• **Work to complete**: Copy word for word the line containing "Image of Briglia" together with all lines following it to the end of the listing below, without the pictures.

• **Exercise data**:
··········
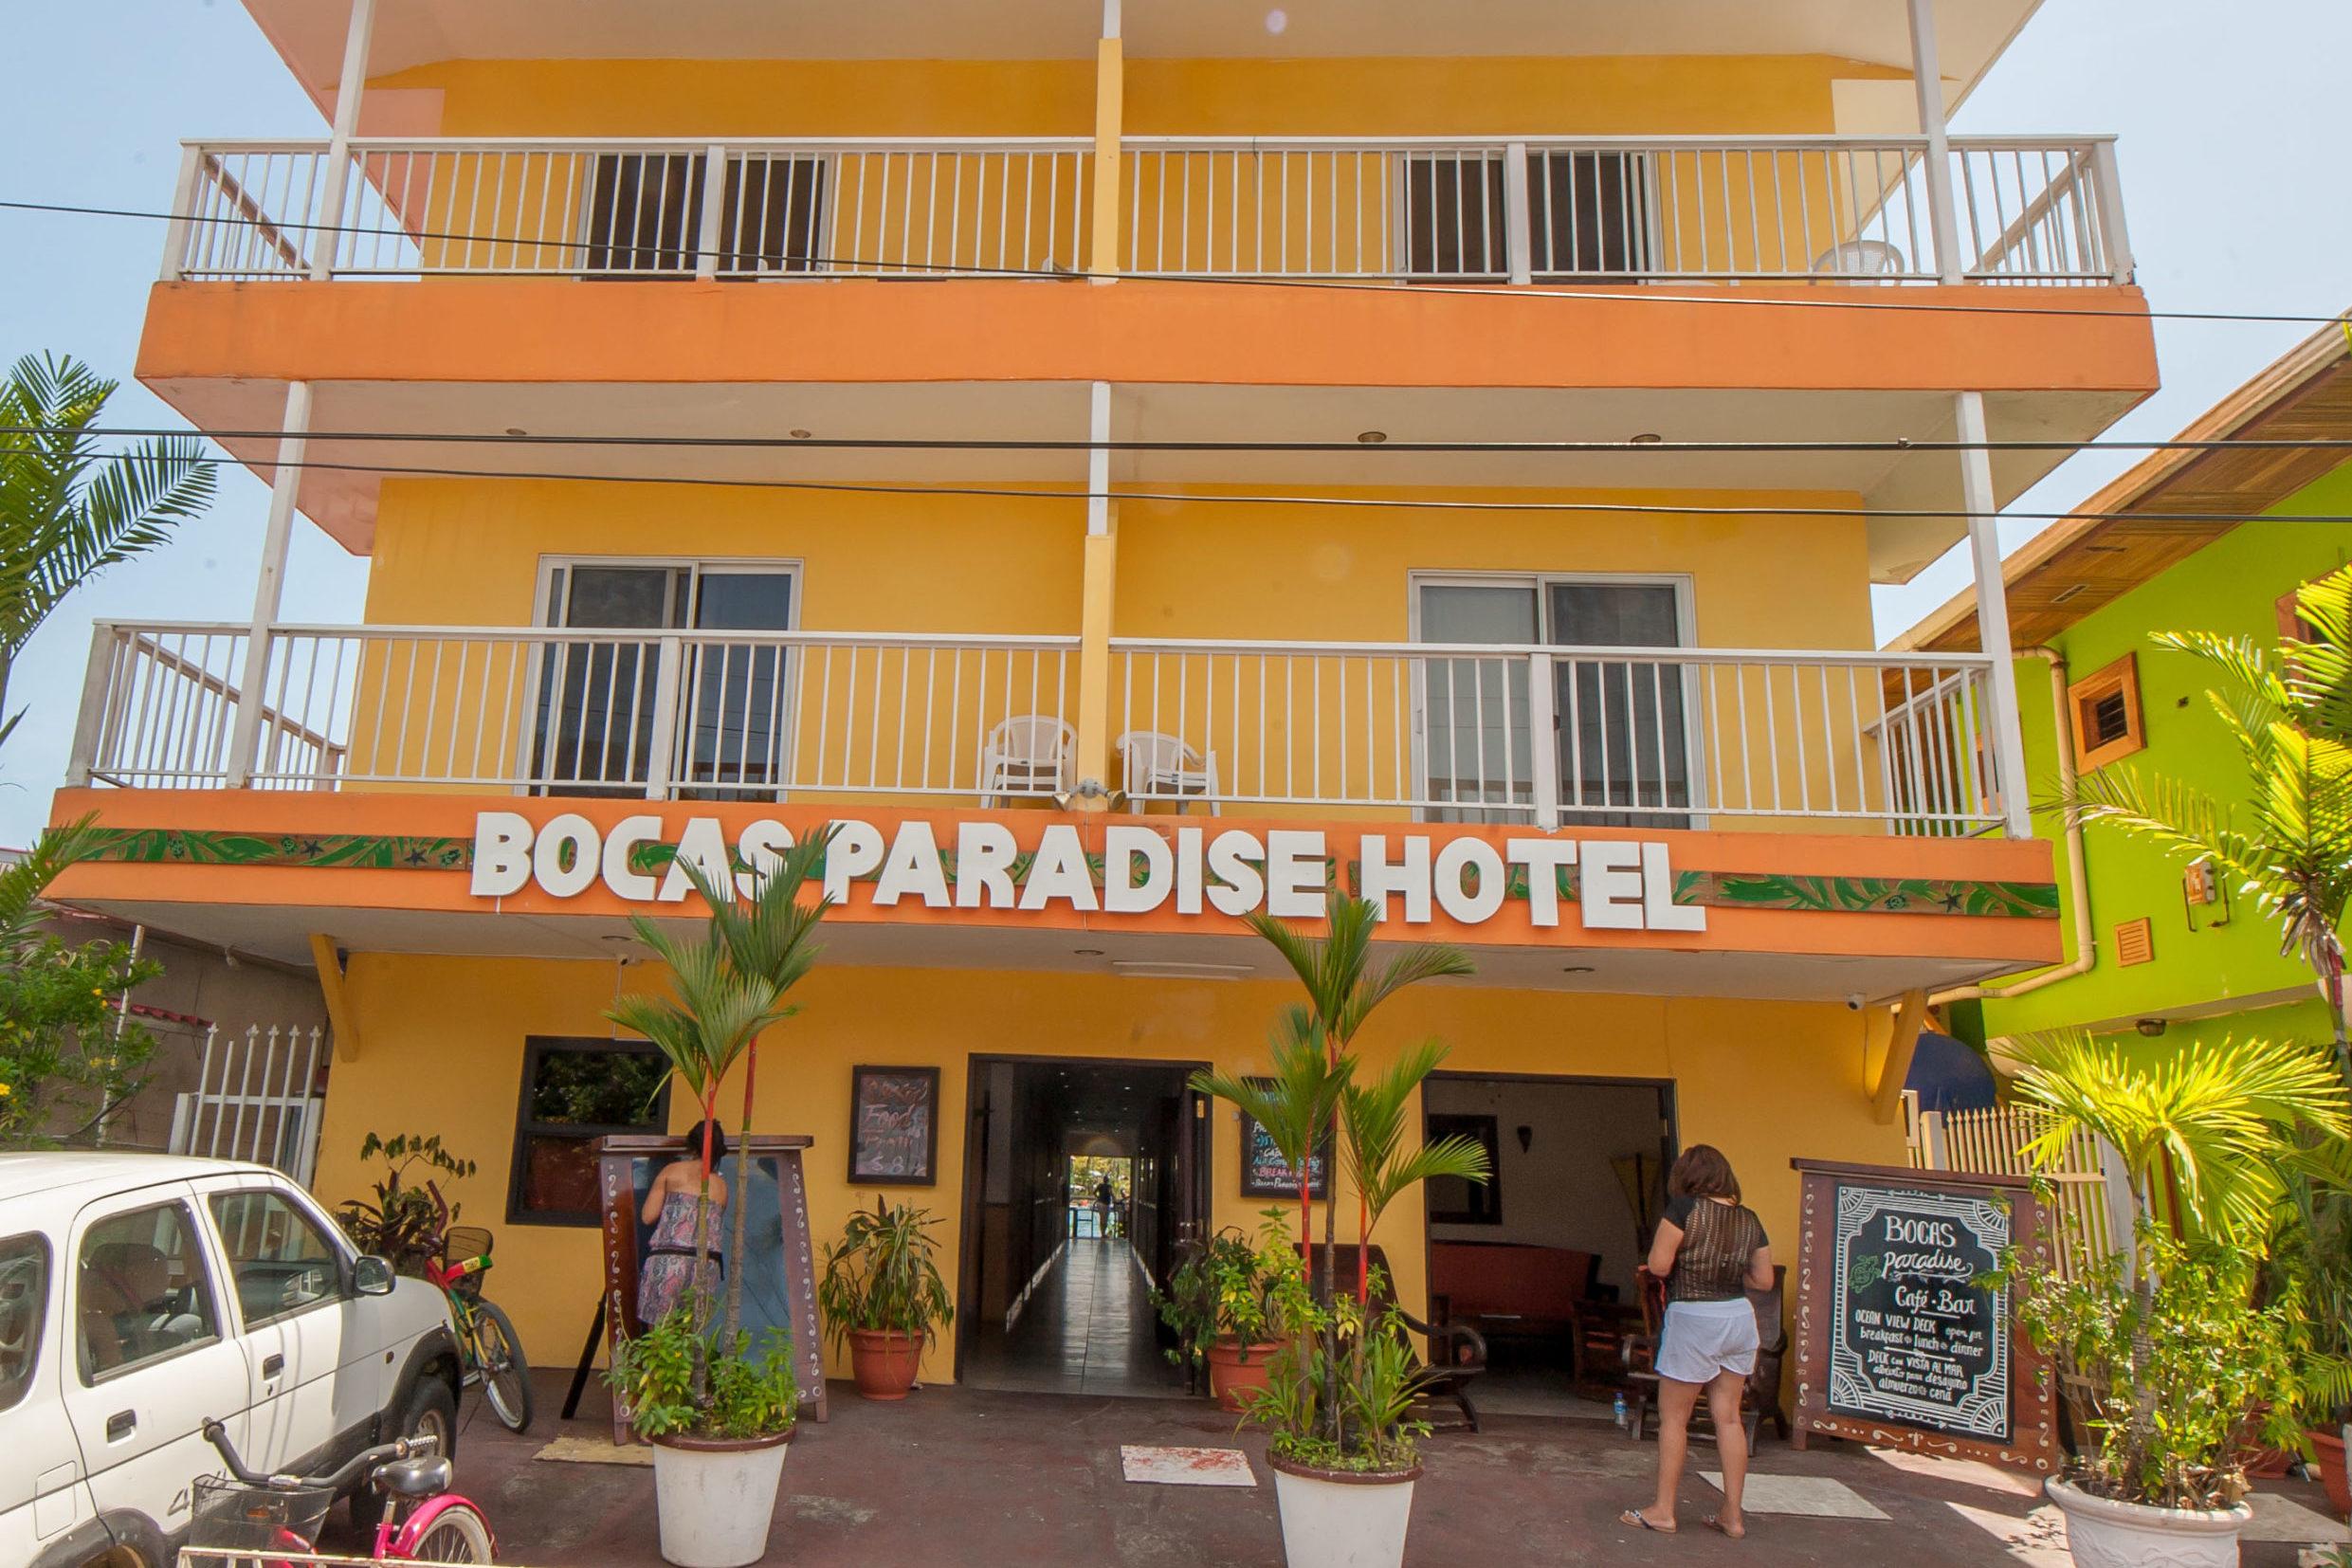 Bocas-paradise-Hotel1
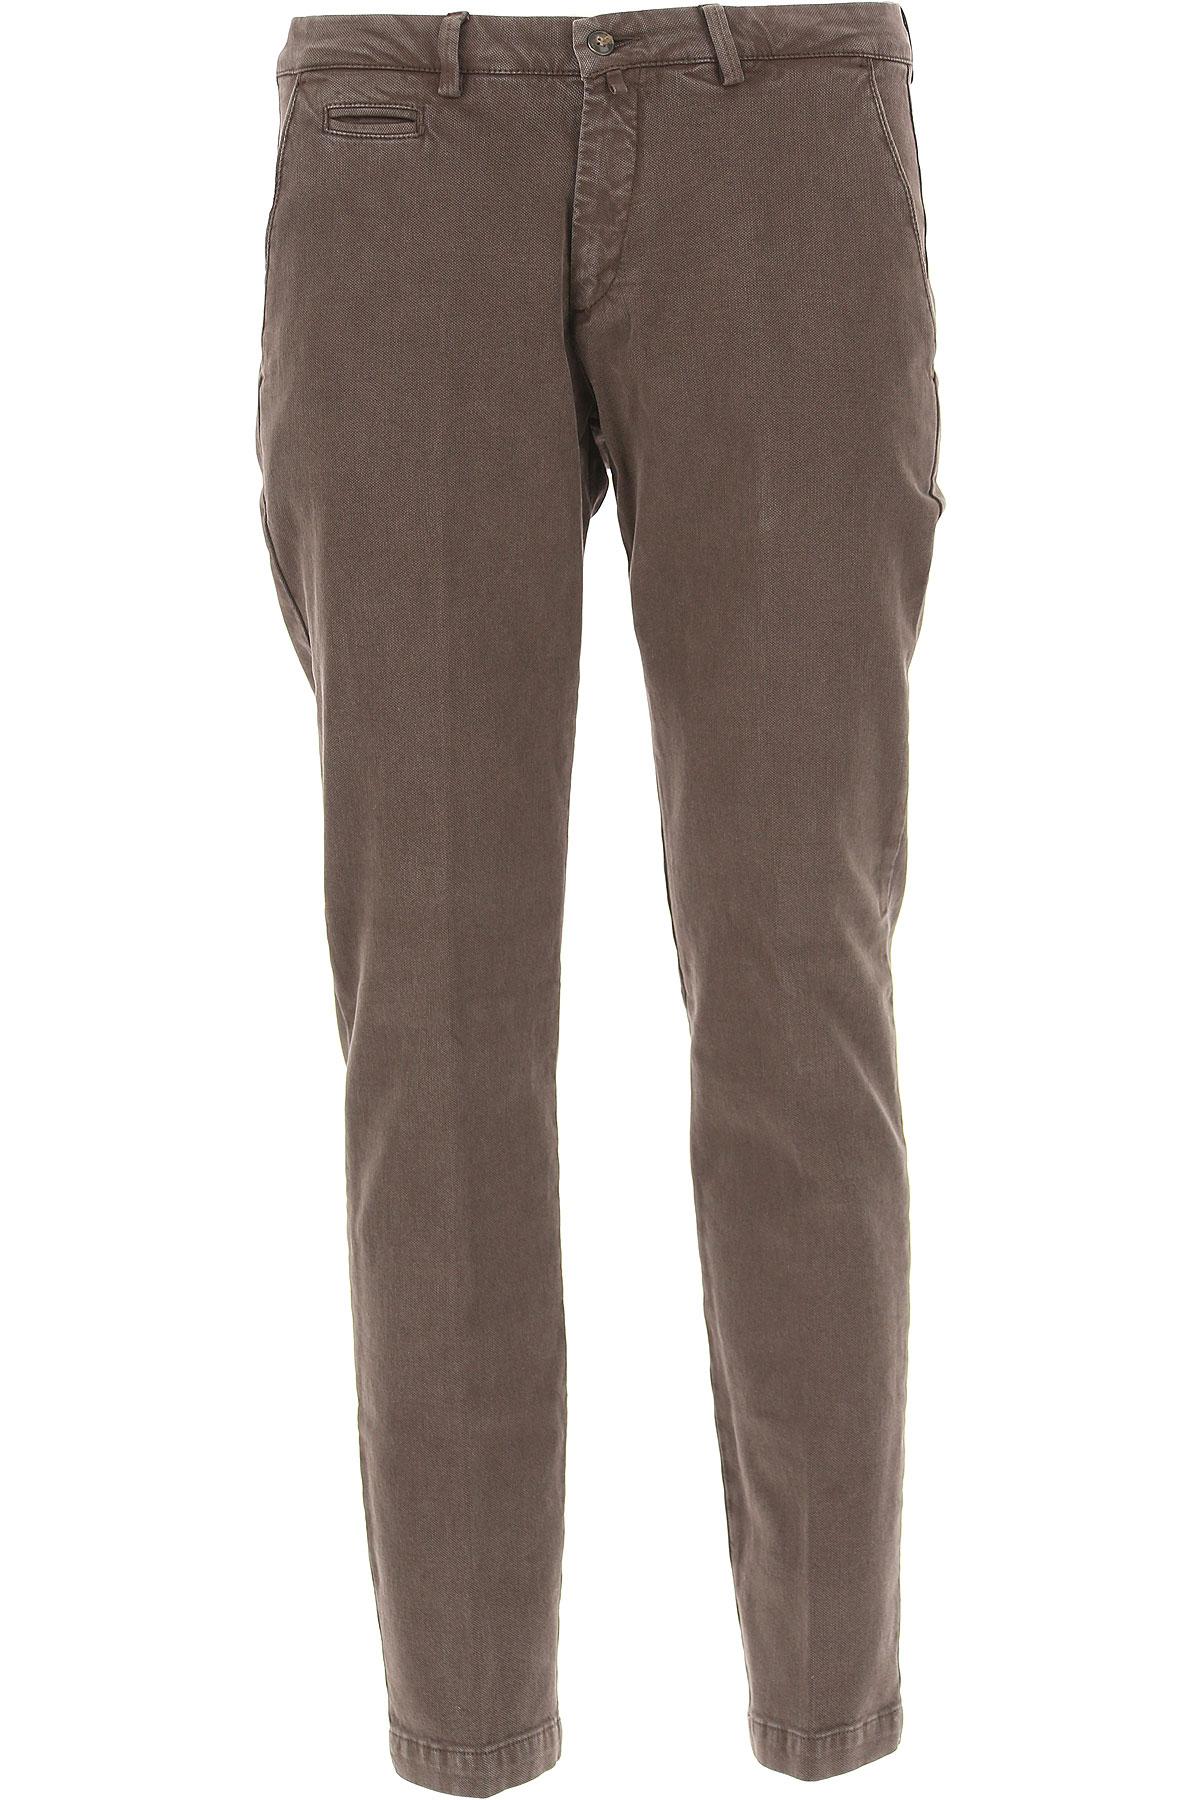 Image of Briglia Pants for Men, Brownish-grey, Cotton, 2017, US 34 - EU 48 US 36 - EU 50
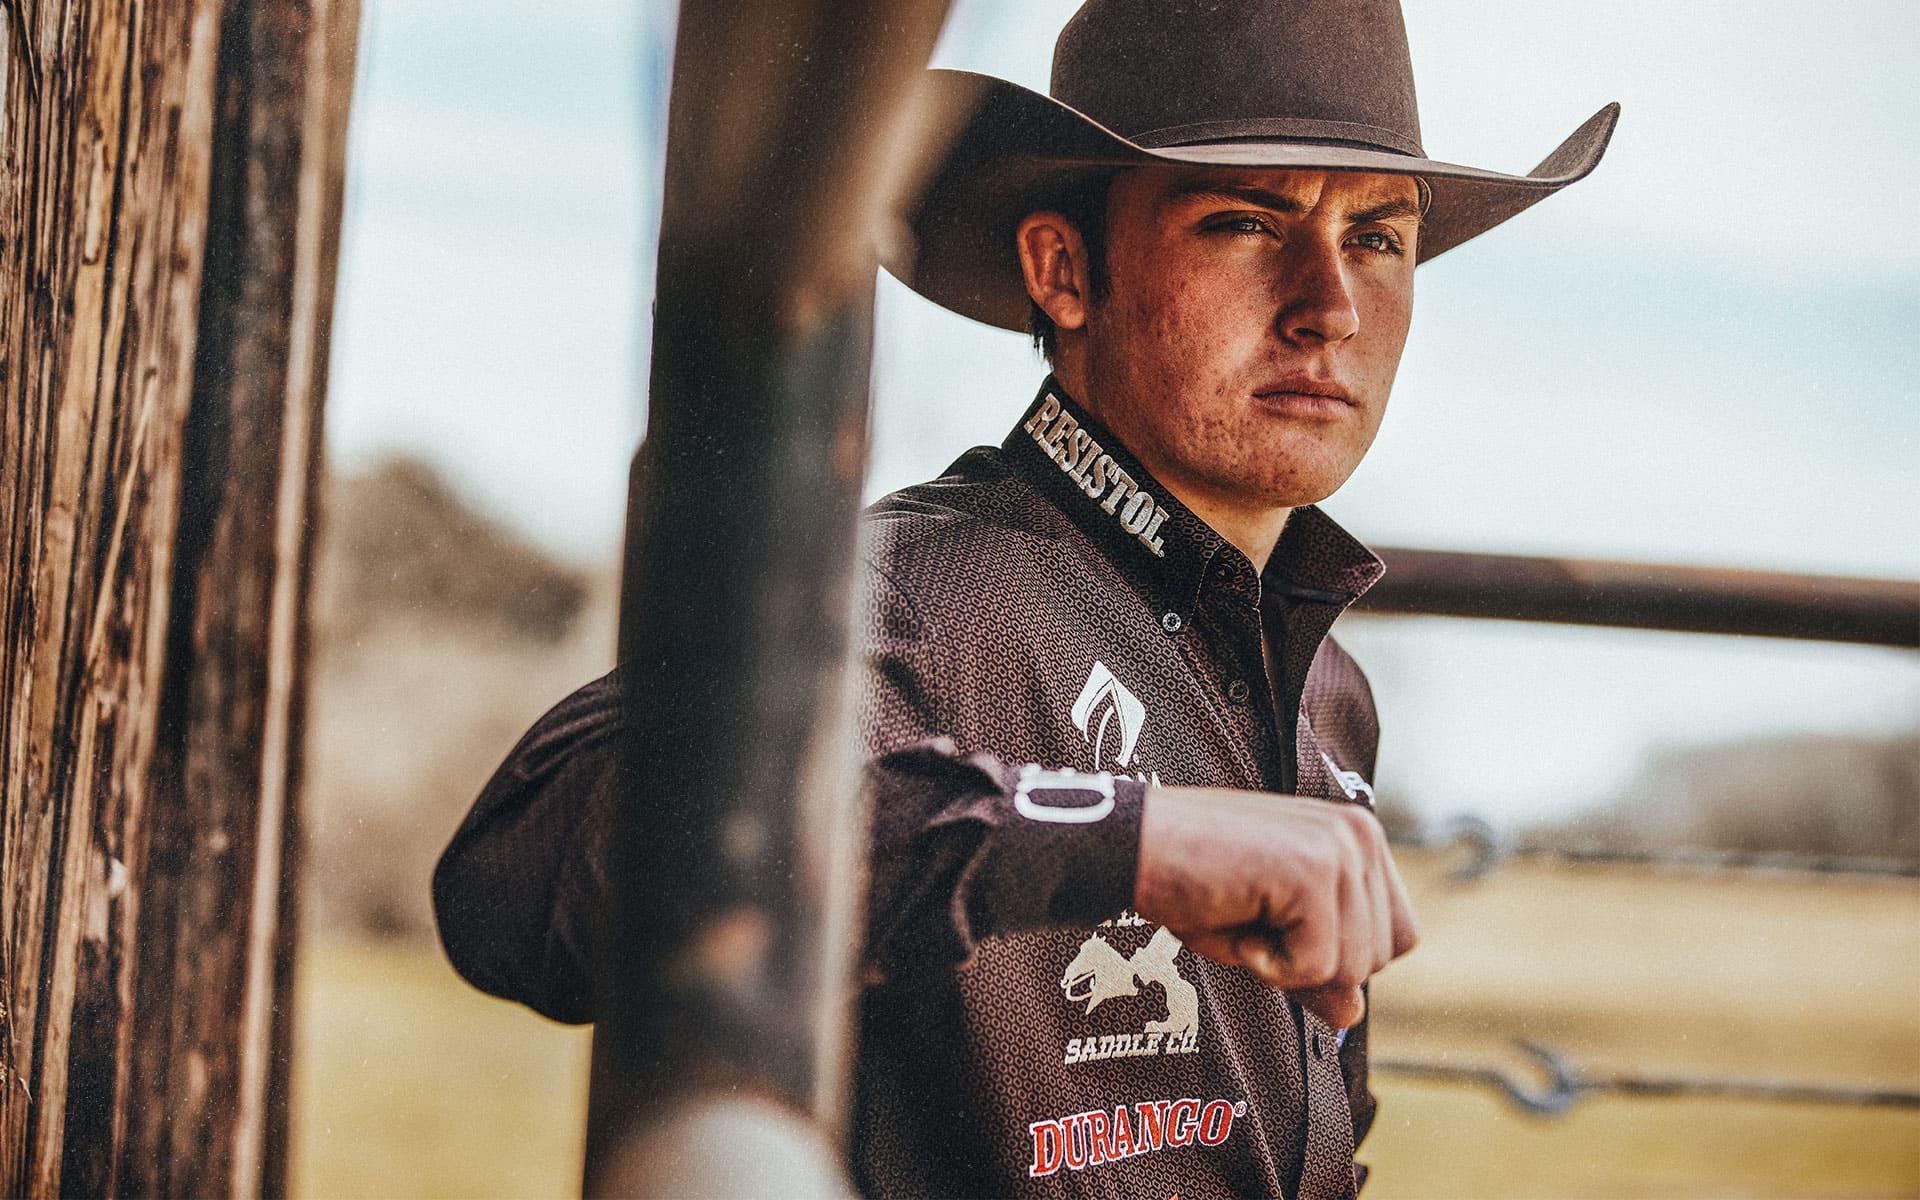 Riley Webb - Professional Tie-Down Roper on Team Durango®
··········
• **Result of this exercise**:
 Image of Briglia Pants for Men, Brownish-grey, Cotton, 2017, US 34 - EU 48 US 36 - EU 50
 Riley Webb - Professional Tie-Down Roper on Team Durango®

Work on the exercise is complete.